Throughout the sixties, clinical skill with the hyperkinetic population
improved, and the clinician's powers of observation grew more attuned to the
nuances of the children's behavior. It became more apparent to the clinician's
eye that the syndrome somehow was due to genetically based malfunctioning of
biological systems rather than to bad parenting or bad behavior. The definition
of the syndrome has evolved through family studies and statistical analysis of
epidemiological data that absolve parents and children of blame (although the
pernicious and unfair tendency to blame parents and children persists to this
day among the ill informed).
By the early seventies the definition of the syndrome included not just the
behaviorally evident hyperactivity, but also the more subtle symptoms of
distractibility and impulsivity. By then, we knew that ADD clustered in
families and was not caused by bad parenting. We knew that the symptoms were
often improved by the use of stimulant medication. We thought we knew, but
couldn't prove, that ADD had a biological basis, and that it was genetically
transmitted. However, this more accurate and encompassing view was not
accompanied by any major new discoveries related to the biological causes of
the syndrome.
Due to the lack of further biological evidence, some people argued that ADD was
a mythical disorder, an excuse contrived to exonerate reprobate children and
their parents. As is usually the case in psychiatry, the intensity of the
debate was inversely proportional to the availability of factual
information.
As in a good mystery, the journey from suspicion to proof, from speculation to
empirical evidence, from Kahn and Cohen to Paul Wender and Alan Zametkin and
Rachel Gittleman-Klein and the other current researchers, has been riddled with
false leads, multiple possibilities, contradictory findings, and many gut
reactions of all kinds.
One of the first attempts to unite the effects of the stimulants with what we
know about the brain was made by C. Kornetsky, who in 1970 proposed the
Catecholamine Hypothesis of Hyperactivity. Catecholamines are a class of
compounds that includes the neurotransmitters norepinephrine and dopamine.
Since the stimulants affect the norepinephrine and dopamine neurotransmitter
systems by increasing the amount of these neurotransmitters, Kornetsky
concluded that ADD possibly was caused by an underproduction or
underutilization of these neurotransmitters. Although this hypothesis is still
tenable, biochemical studies and clinical tests of neurotransmitter metabolites
in urine over the past two decades have not been able to document the specific
role of the catecholamines in ADD.
No single neurotransmitter system may be the sole regulator of ADD. Neurons can
convert dopamine into norepinephrine. Many of the drugs that act on the
catecholamines act on serotonin. Some of the drugs that act on serotonin can
act on norepinephrine and dopamine. And we can't rule out the role of other
neurotransmitters like GABA (gamma amino butyric acid), which have showed up in
some biochemical studies.
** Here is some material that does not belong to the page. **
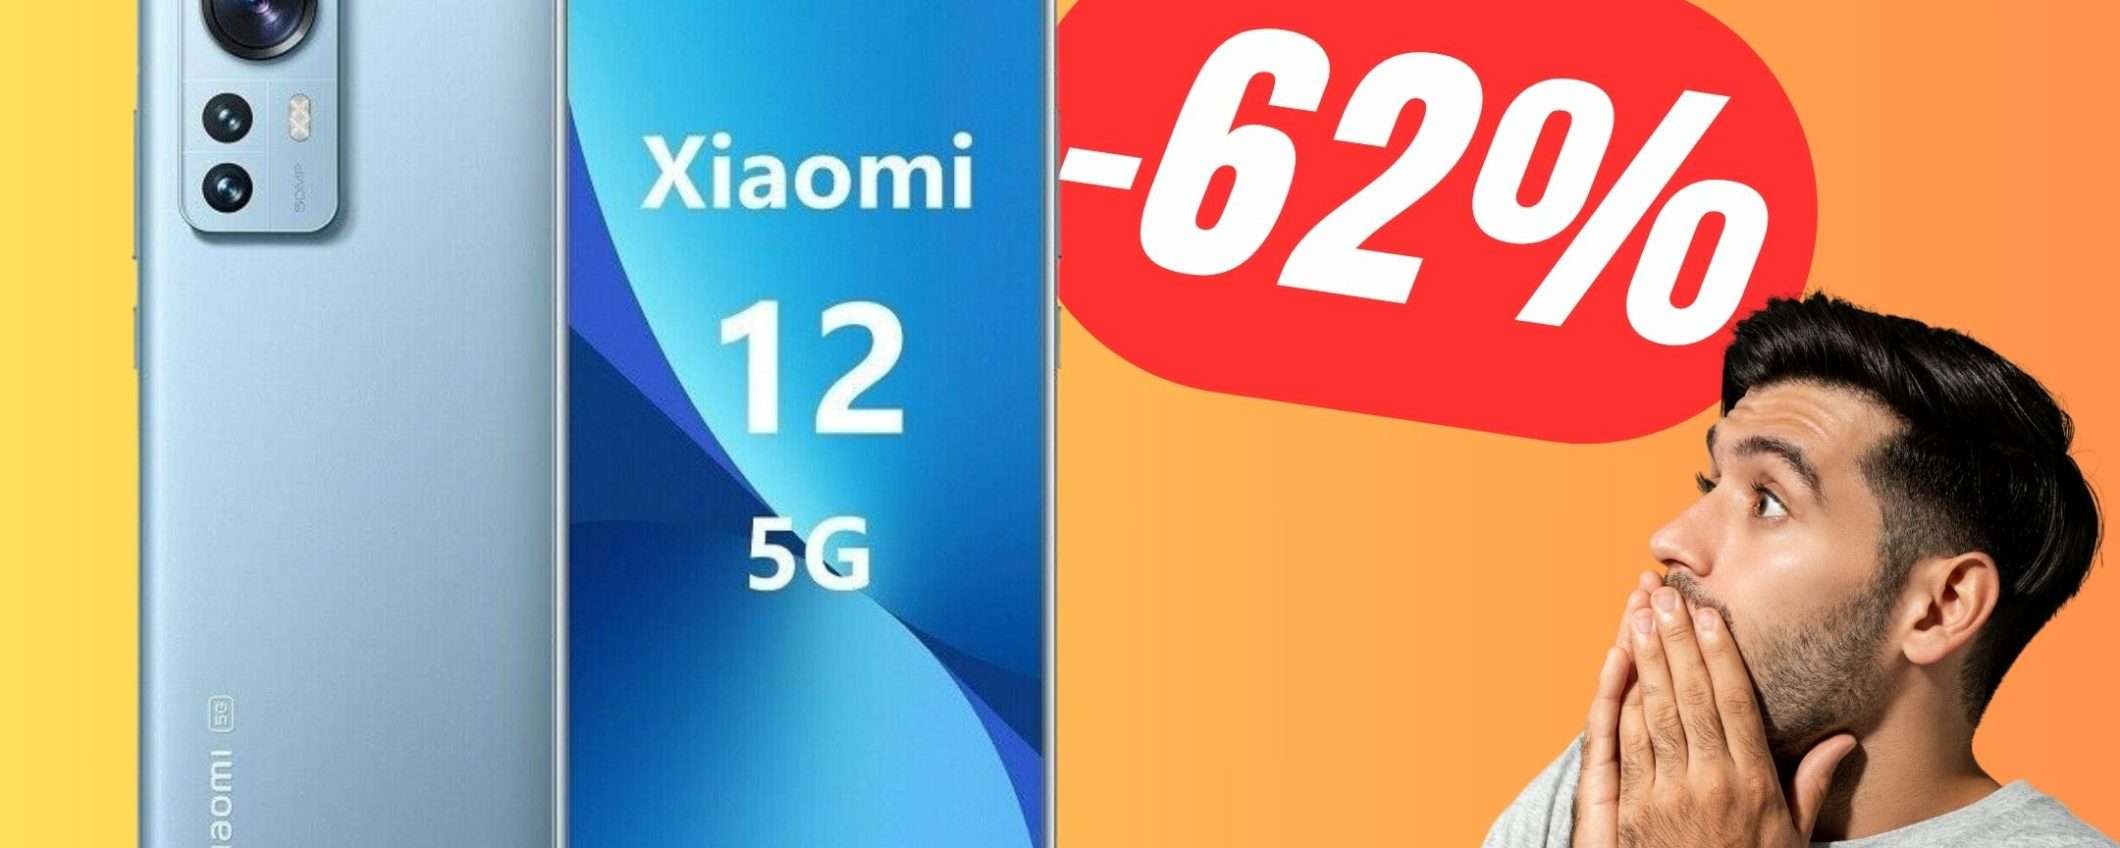 SCONTO FOLLE PER Xiaomi 12: risparmierai il 62%!
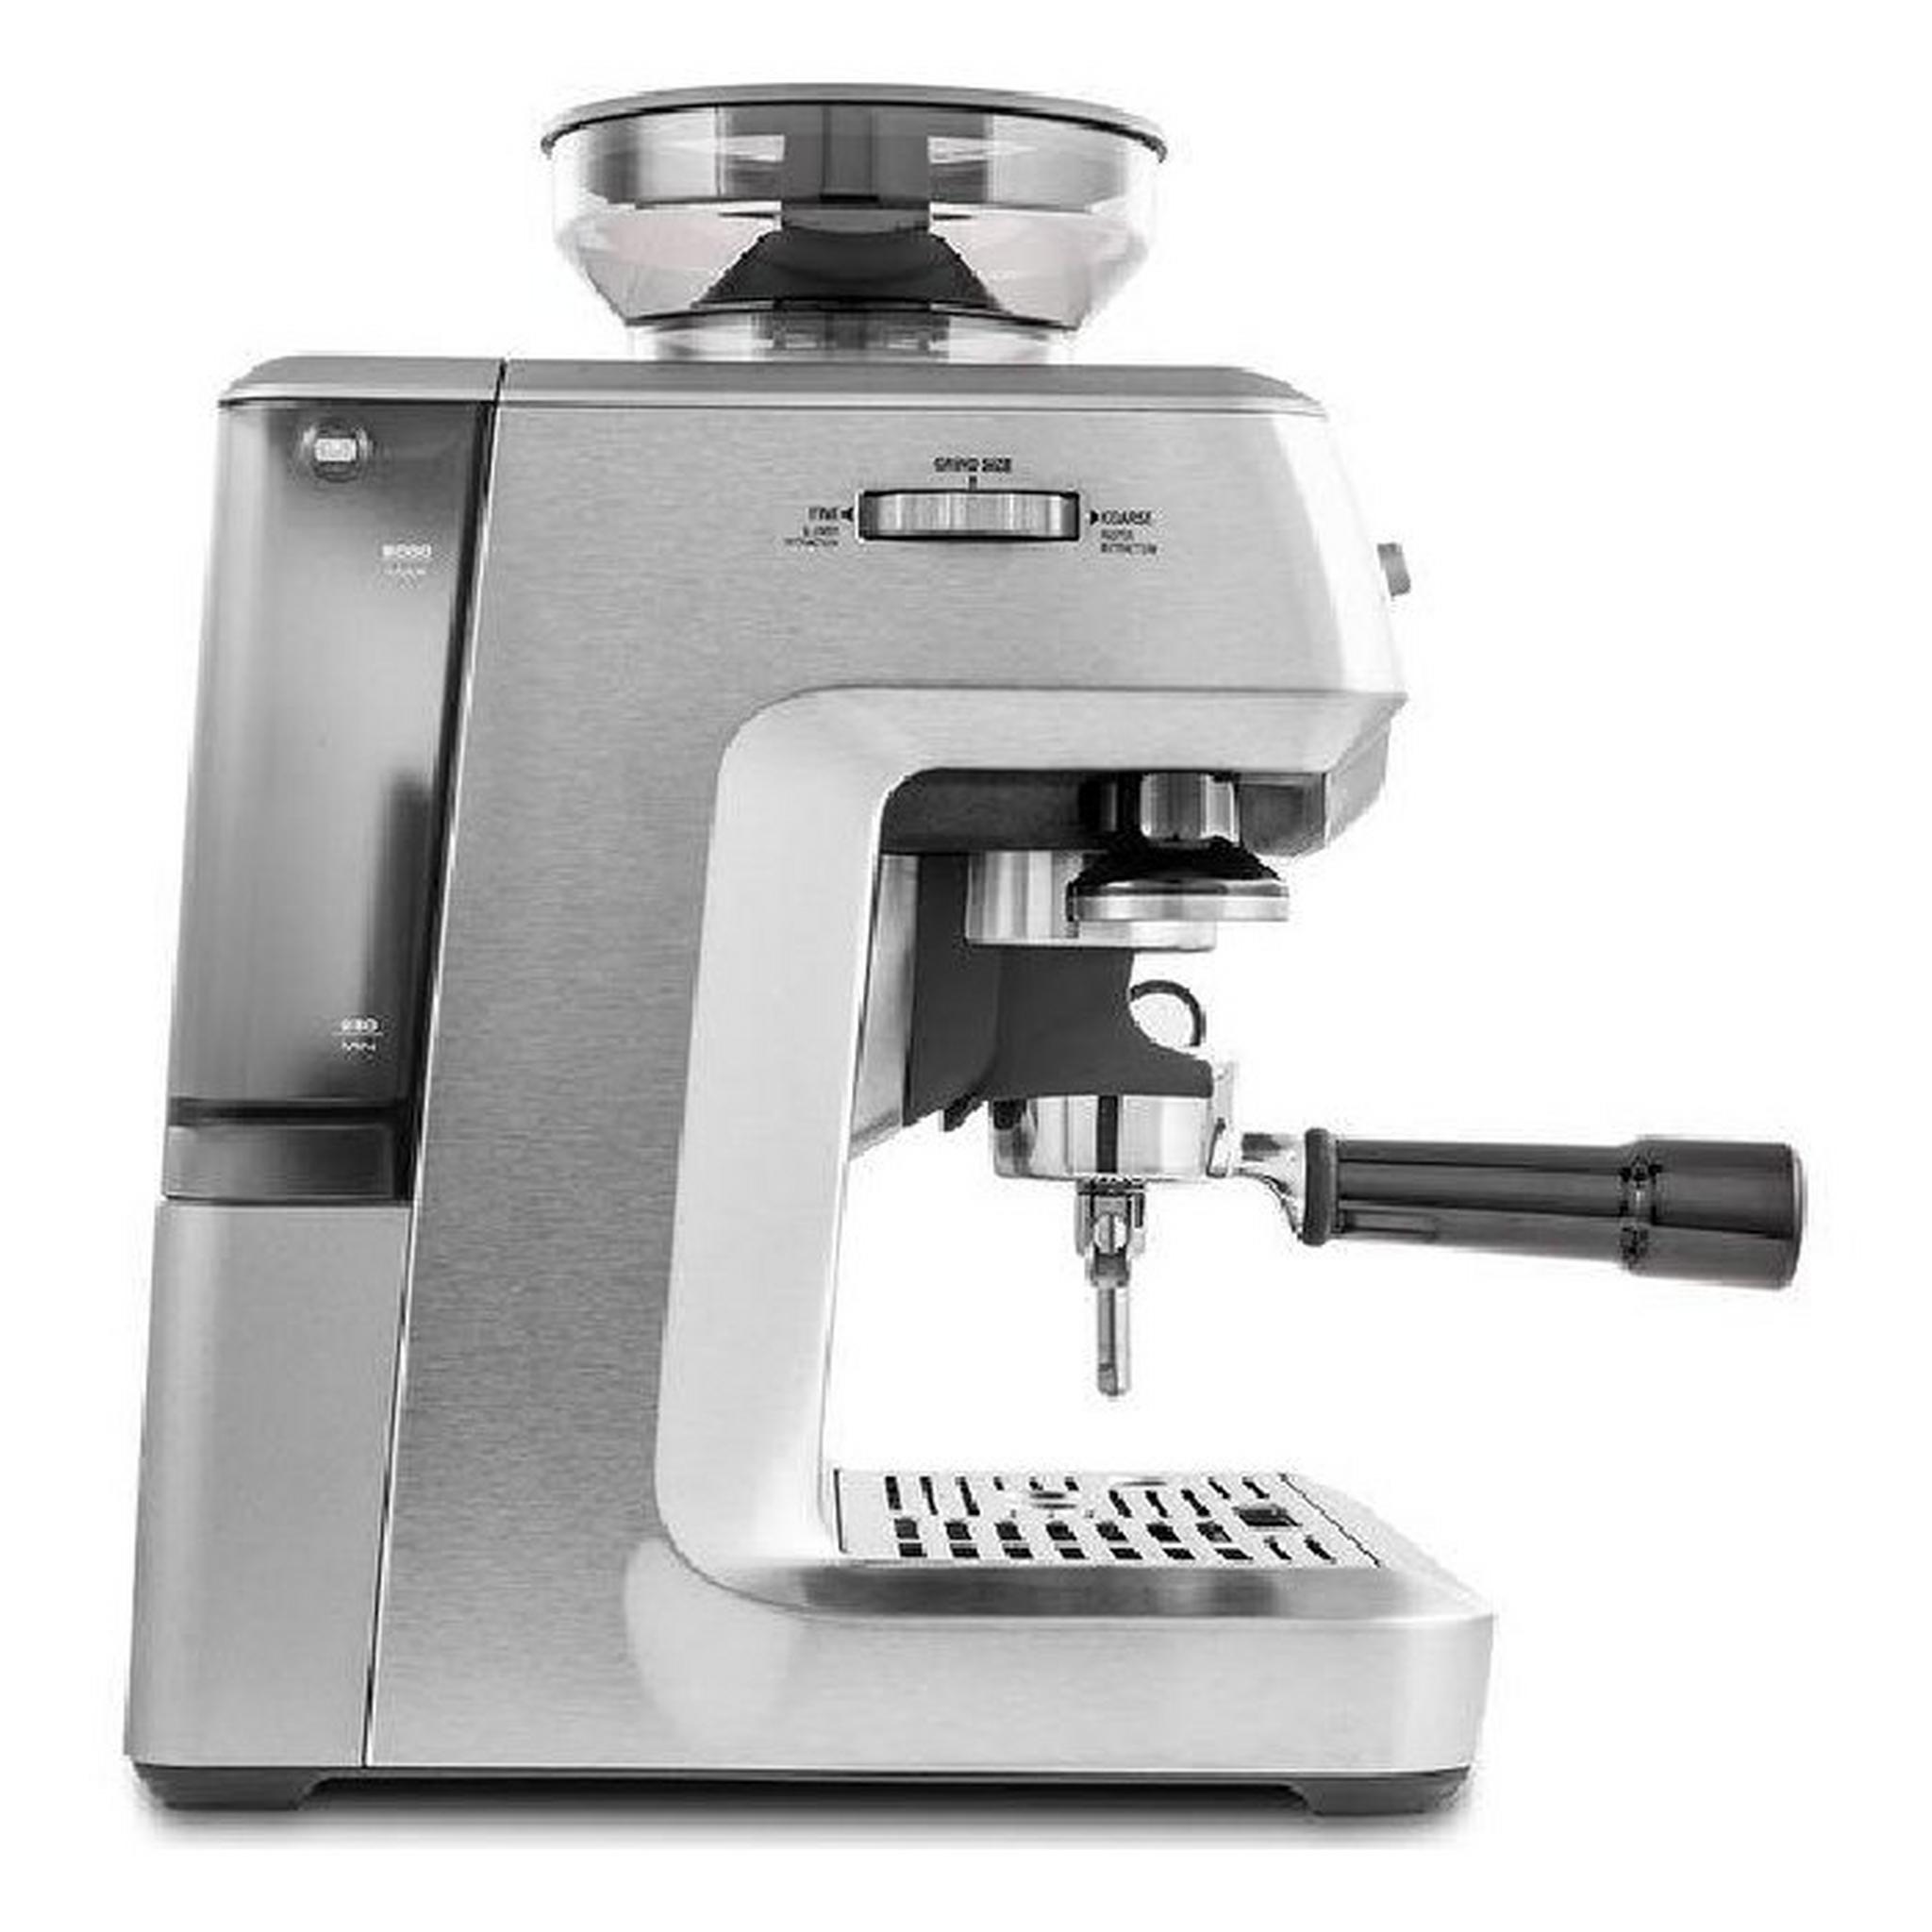 ماكينة صنع القهوة باريستا اكسبرس من سيج، قوة 1850 واط، بسعة 2 لتر، SES875BSS - ستانلس ستيل

The most likely possibility is that the effect of
dopamine and norepinephrine and serotonin is key and drugs that alter these
neurotransmitters will have the most telling effect on the symptomatology of
ADD.
So can we say that ADD is a chemical imbalance? Like most questions in
psychiatry, the answer is yes and then again no. No, we have not found a good
way to measure the specific imbalances in the neurotransmitter systems that may
be responsible for the ADD. But yes, there is enough evidence that
neurochemical systems are altered in people with ADD to state that the problem
derives from the chemistry of the brain. Most likely, it is a dysregulation
along the catecholamine-serotonin axis, a dance where one misstep by one
partner creates a misstep by the other, which creates another misstep by the
first. Before they know it, these dance partners are out of step not just with
each other but with the music--and who is to say how it happened?